Tyler, how about pairing the lens with an extender and teleconverter?  What combo and what do I get from it?  2:1?


----------



## mwcfarms (Jun 10, 2011)

That is a great explanation.


----------



## tyler_h (Jun 10, 2011)

That i know of no Canon macro lenses are compatible with their  teleconverters (only the white primes; 70-200's; and the TS-E series).

I haven't played around with extenders so can't say much on them. Their  magnifications: 1.19x (EF 12 II) or 1.39x (EF 25 II) so not a huge jump  there.

If you really want to get high magnifications I've heard good things  about the MP-E 65mm its a dedicated macro lens (1-5x magnification  only).





mwcfarms said:


> That is a great explanation.


 
Thanks.


----------



## Robin Usagani (Jun 10, 2011)

MP-E 65mm is wayyyyyy later down the road.  I want to use something that is usefull for weddings hahaha.


----------



## tyler_h (Jun 10, 2011)

Schwettylens said:


> MP-E 65mm is wayyyyyy later down the road.  I want to use something that is usefull for weddings hahaha.


 
Suspected as much, but if you want to get to 2:1... 

If it's mainly as part of making income from wedding shots; I'd consider how much you will use the lens for how much you should invest in it.


----------



## Hardrock (Jun 10, 2011)

Schwetty I think you should look into the Canon 100 f2.8 usm lens. Its very sharp , mine focuses very fast (at longer focus distances for headshots and waist ups) the close focus is fairly quick but 99.9% I manual focus due to I like to handhold mine at 1:1. Like tyler said its best to have longer focal lengths for insects for a couple of reasons 1. to not scare of the insect , icreased working distance 2. the back ground is usually cleaner and more of a smooth look. But for weddings I think a 150 or 180 is going to be too long and may limit you ( plus most dont focus as fast). Also to go along with what Tyler said the more magnification the more light you will need and the longer the focal length the harder it is to hand hold. Even on a sunny day with lots of light I use the 100mm at 1:1 with a 1.4tc at f11/13 iso 400/800 and shutter speeds around 1/30 to 1/200 just to give you an idea. But for rings Im sure other will chime in the important thing is the reflection and loss of detail. You may also want to look into a 50 with extension tubes or even the 135 f2. I was impressed with the 135f2 and its close focus. Hope this helps...

For strictly macro I wouldn't get the 100L over the 100 Usm but if you plan to do a lot of handheld portraits you may want to look into the L with IS. I thought about selling mine for the L but I dont feel like Im really missing the IS and I dont believe the L is much if any sharper than the USM version.


----------



## tyler_h (Jun 10, 2011)

Hardrock said:


> I was impressed with the 135f2 and its close focus.


 
Max magnification is listed as 0.19x on Canon's site... certainly a great lens but that would imply its not going to be of a lot of use.
The 24-70 f/2.8 is meant to have 0.29x at 70mm...

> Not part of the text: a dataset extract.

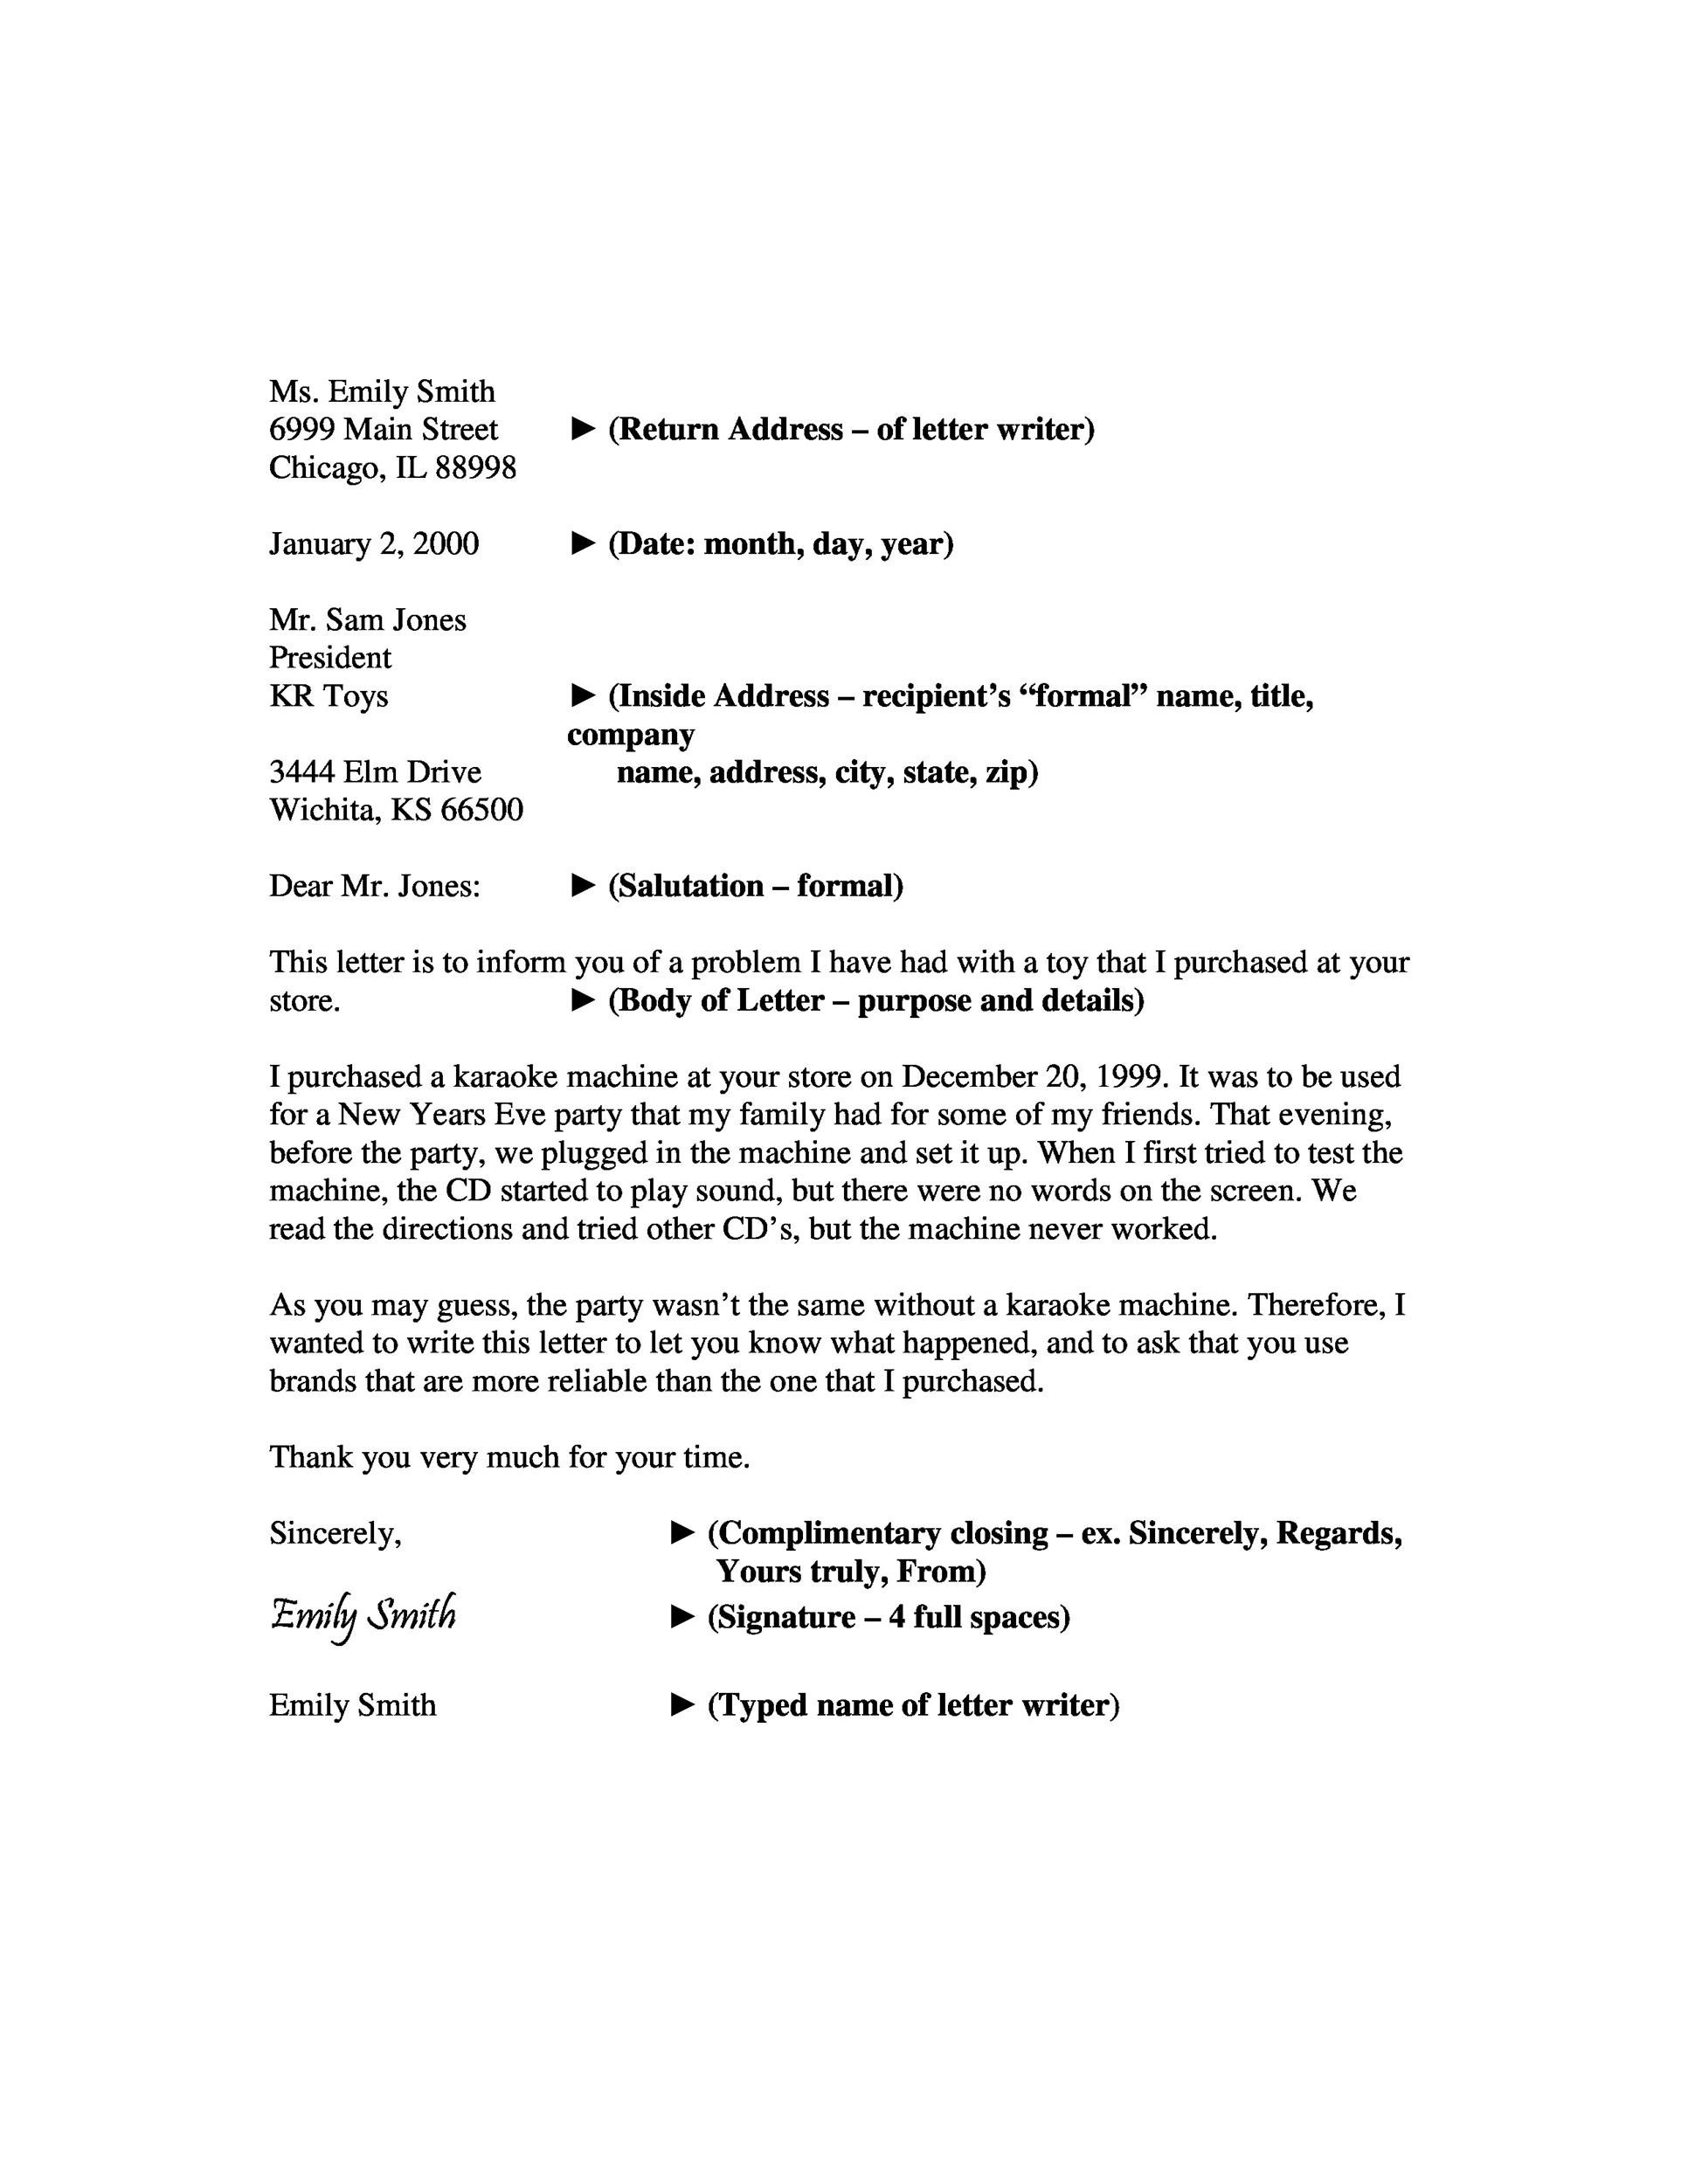 Professional Business Letter Examples from templatelab.com

Another consideration not noted before; cause of its L status it does come with a better accessory kit, so if you'd look to by the hood etc anyway don't forget to consider that in their price difference.


----------



## Robin Usagani (Jun 10, 2011)

Im still struggling to understand magnification factor VS. focal length etc.  so a .19x magnification is just saying that if I shoot a wedding ring, I can only fill the ring maybe like 1/5 of my frame right?  What if I put this on my 500D?  Is the magnification factor going to be multiplied by 1.6?

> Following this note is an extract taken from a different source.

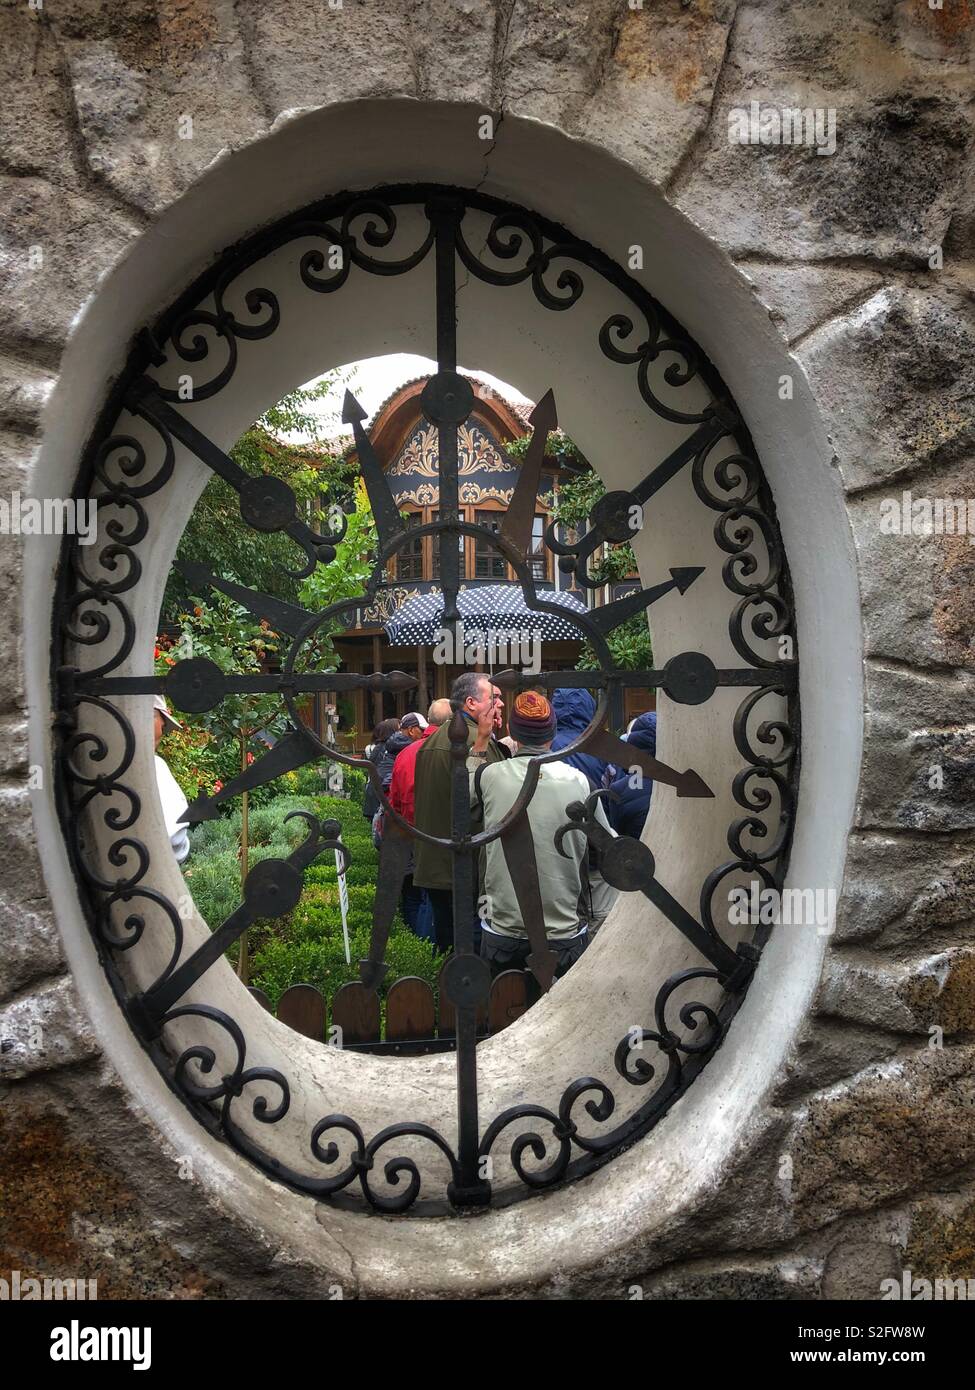 Looking through a window carved into a stone wall. Stock Photo

Hardrock, could you shoot a ring with 135L uncropped?  I want to see how close you can get and see the result.  Also post the cropped version to zoom in a bit.  I am just wondering.


----------



## tyler_h (Jun 10, 2011)

Schwettylens said:


> Im still struggling to understand magnification factor VS. focal length etc.  so a .19x magnification is just saying that if I shoot a wedding ring, I can only fill the ring maybe like 1/5 of my frame right?  What if I put this on my 500D?  Is the magnification factor going to be multiplied by 1.6?
> 
> Hardrock, could you shoot a ring with 135L uncropped?  I want to see how close you can get and see the result.  Also post the cropped version to zoom in a bit.  I am just wondering.


 
Magnification is a product of focal length and minimum focusing distance. To get decent magnification at short focal lengths you need a very short minimum focusing distance.

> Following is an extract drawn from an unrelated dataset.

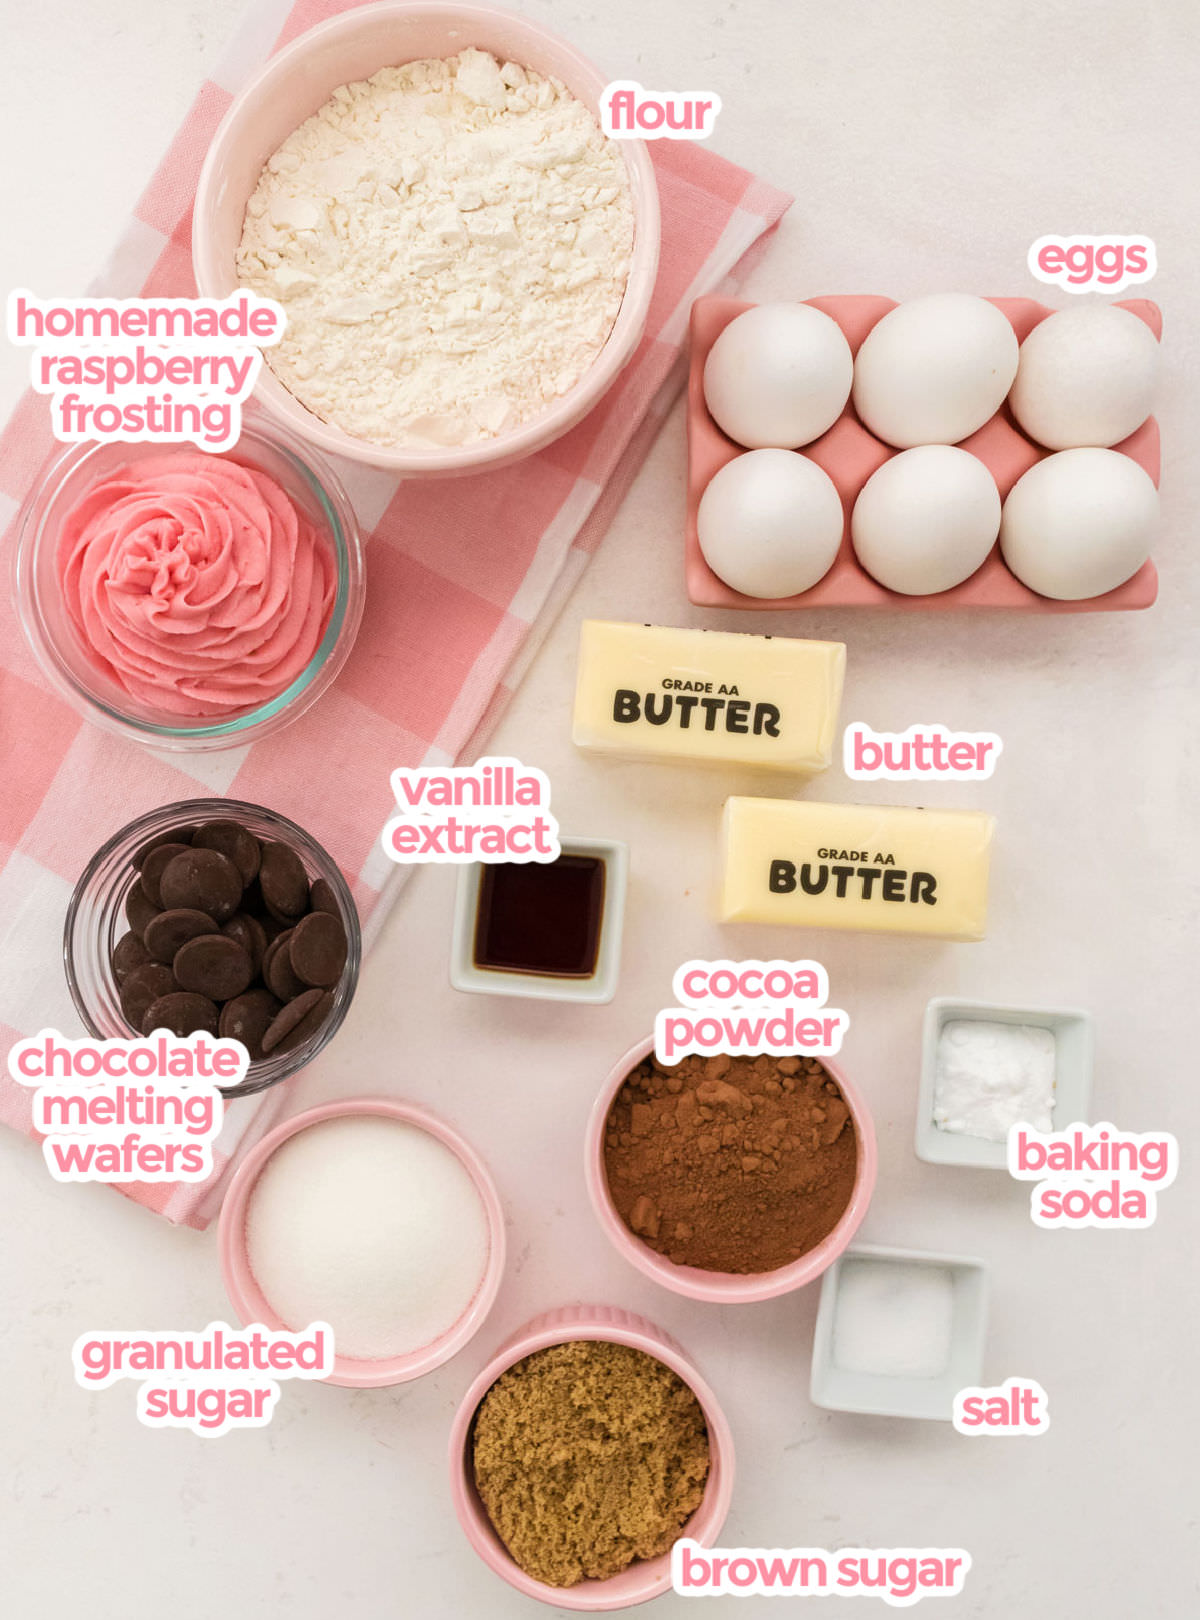 All the ingredients you will need to make Chocolate Cookies including Flour, Eggs, Raspberry Frosting,  Butter, Vanilla, Chocolate Wafers, Cocoa Powder, Granulated Sugar and Brown Sugar.

As for crop factor and magnification; you would still get 1:1 magnification on a crop sensor, but magnification is related to sensor size.
1:1 is just meaning an object the size of the sensor will fill the sensor. So you are still 1:1, but you have 'thrown away' information around your object so your have (for sensors with the same number of pixels) more pixels representing your actual subject. So even if you can fill the frame with a smaller object it is still 1:1.

For 0.19x magnification it should be:
36/0.19 = 189mm wide, and 
24/0.19 = 126mm tall
The APS-C sensor will get filled by a 116.8 x 77.9 mm object though.

Just checked the above physically with my camera and a ruler to make sure I did it right; they are correct.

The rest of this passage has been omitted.